On the other hand, according to article 6(3) of the Federal law 'On Joint Stock Companies' a shareholder can be liable for damages to the company whose shares he owns, if the shareholder, knowing that a decision would cause damage to the company, procured such a decision to the company's detriment.

It was found that VimpelCom's directors, nominated by Telenor, acted in its interests and not in the interests of VimpelCom, when they opposed the purchase of a telecommunication company in Ukraine. According to the plaintiff and agreed by the court, Telenor did not want VimpelCom to compete with KievStar GSM, where it was a major shareholder. Alfa, which also had a stake in KievStar, had to call a general meeting of shareholders to approve the deal.

The court, however, did not speak on the crucial point of the matter. Namely, what set of facts must be established by a court to conclude that a director acted in the interest of a third person; and where a legitimate difference of opinion ends, and wrongdoing begins?


What is damage?

Russian law prohibits punitive damages; a plaintiff must prove actual damage and lost profit.

Ironically, Ukrainian Radio Systems, the company acquired by VimpelCom - despite investments made by VimpelCom in excess of US$600 million - continues to make losses.

Essentially, the court assumed that if URS had been acquired in 2004, and not a year later, its market share would have been 12% against 4% today, and the company would have had extra 4 mln clients. Based on this assumption the court calculated the lost profit in amount USD$160 mln, and US$1,6 billion - 'lost capitalisation of JSC VimpelCom'.

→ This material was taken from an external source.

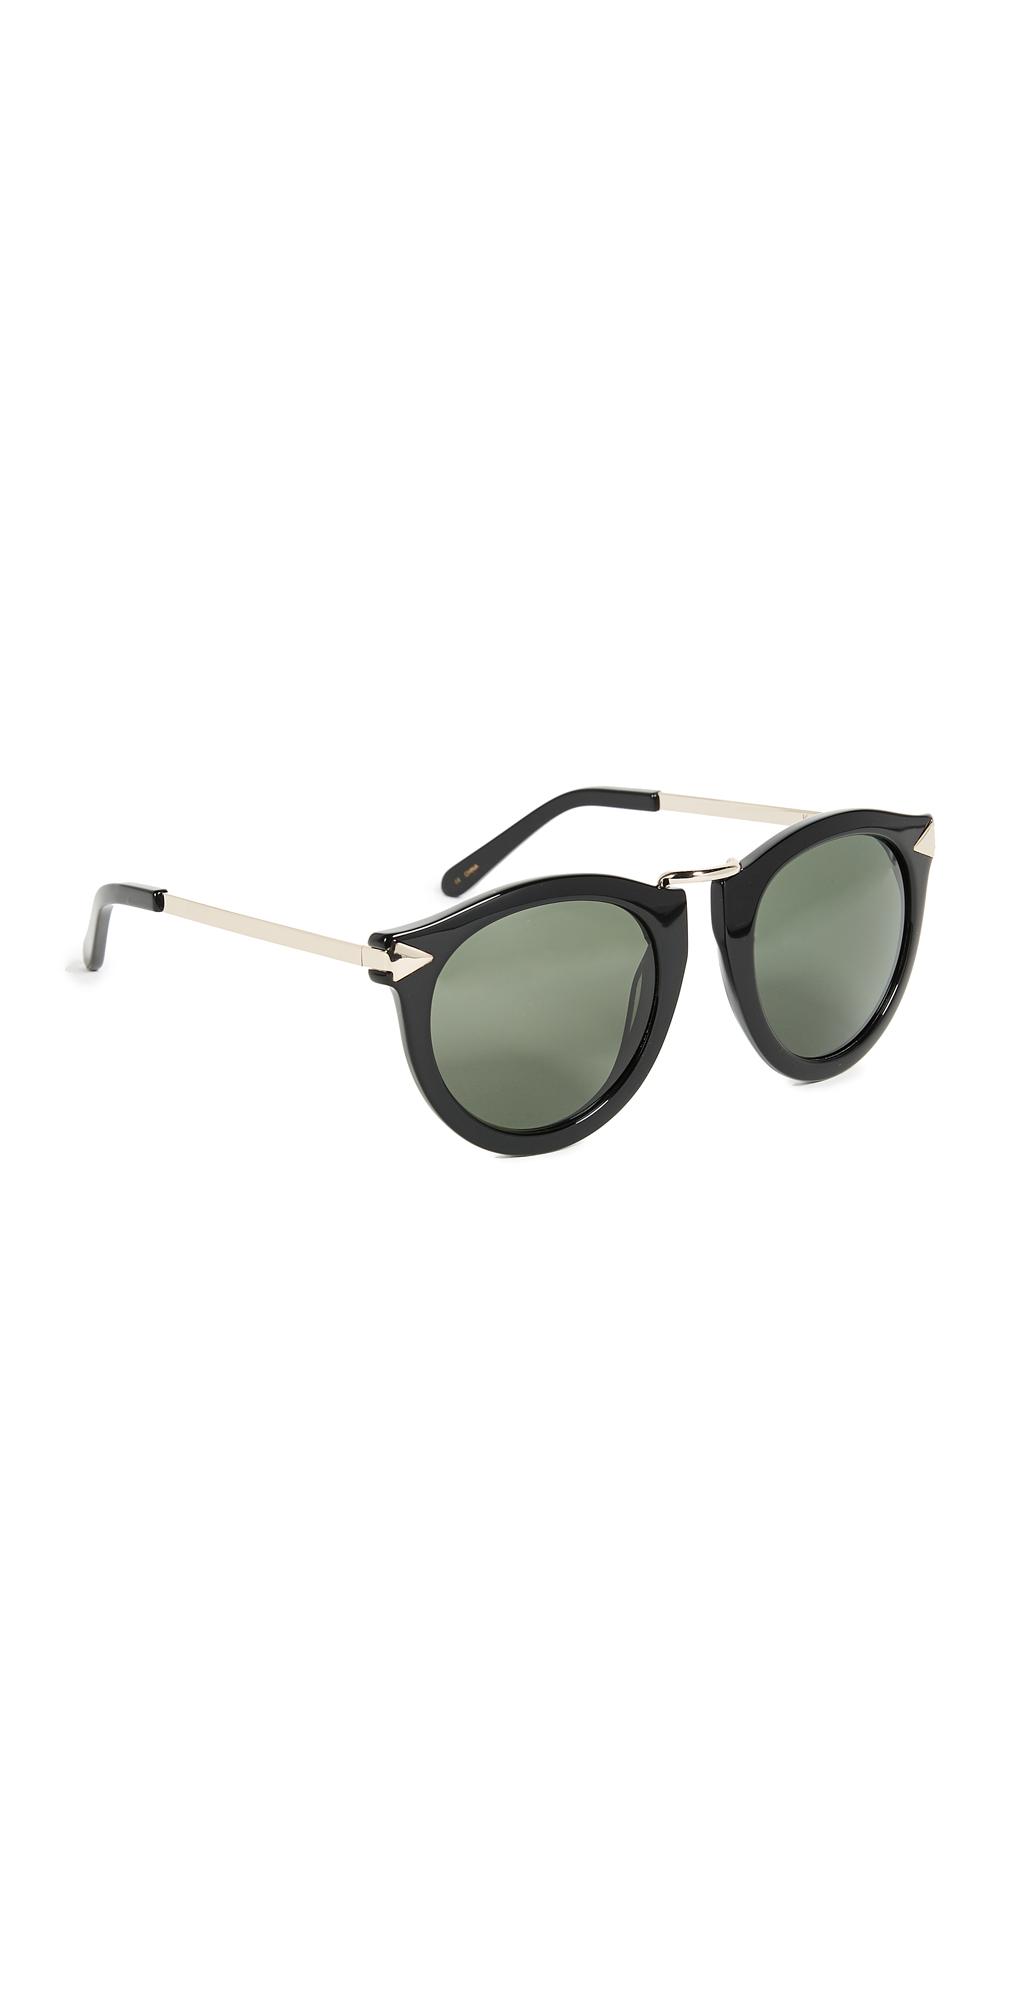 The Harvest Sunglasses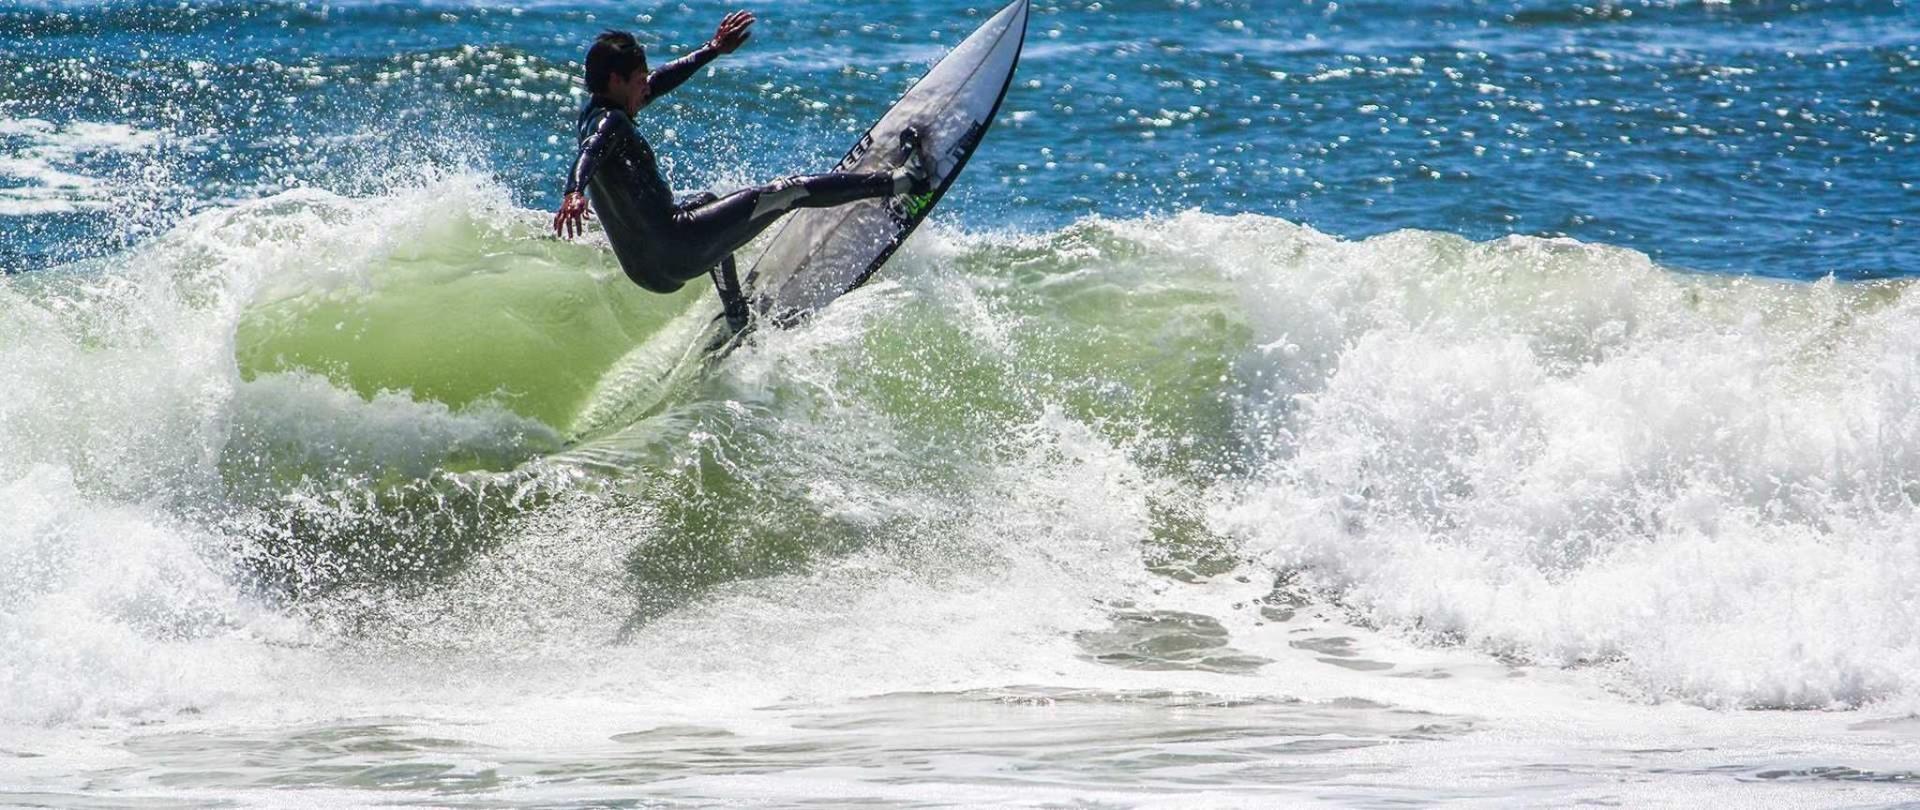 surf-tk.jpg.1920x810_default.jpeg.1920x0.jpeg

The problem with this approach is threefold. Firstly, the court preferred 'would have been' to 'is', or a speculation to a fact. Secondly, capitalisation and profit, being the function of one another, cannot both be granted. Thirdly, they are attributed to different persons; 'lost capitalisation of JSC VimpelCom' does not represent the loss of the company, but of its shareholders.





And such cases are exactly why I advise my clients not to invest in in Russia at the moment. Any obscure court can on its own interpretation of the law decide over significant interests and there is very little what one can do about that. And it doesn't matter whether Farimex acts on behalf of Alfa or on behalf of the government as a tit-for-tat related to other issues between Norway and Russia. Telenor is just f*cked.
This can well be another Khodorkovsky case.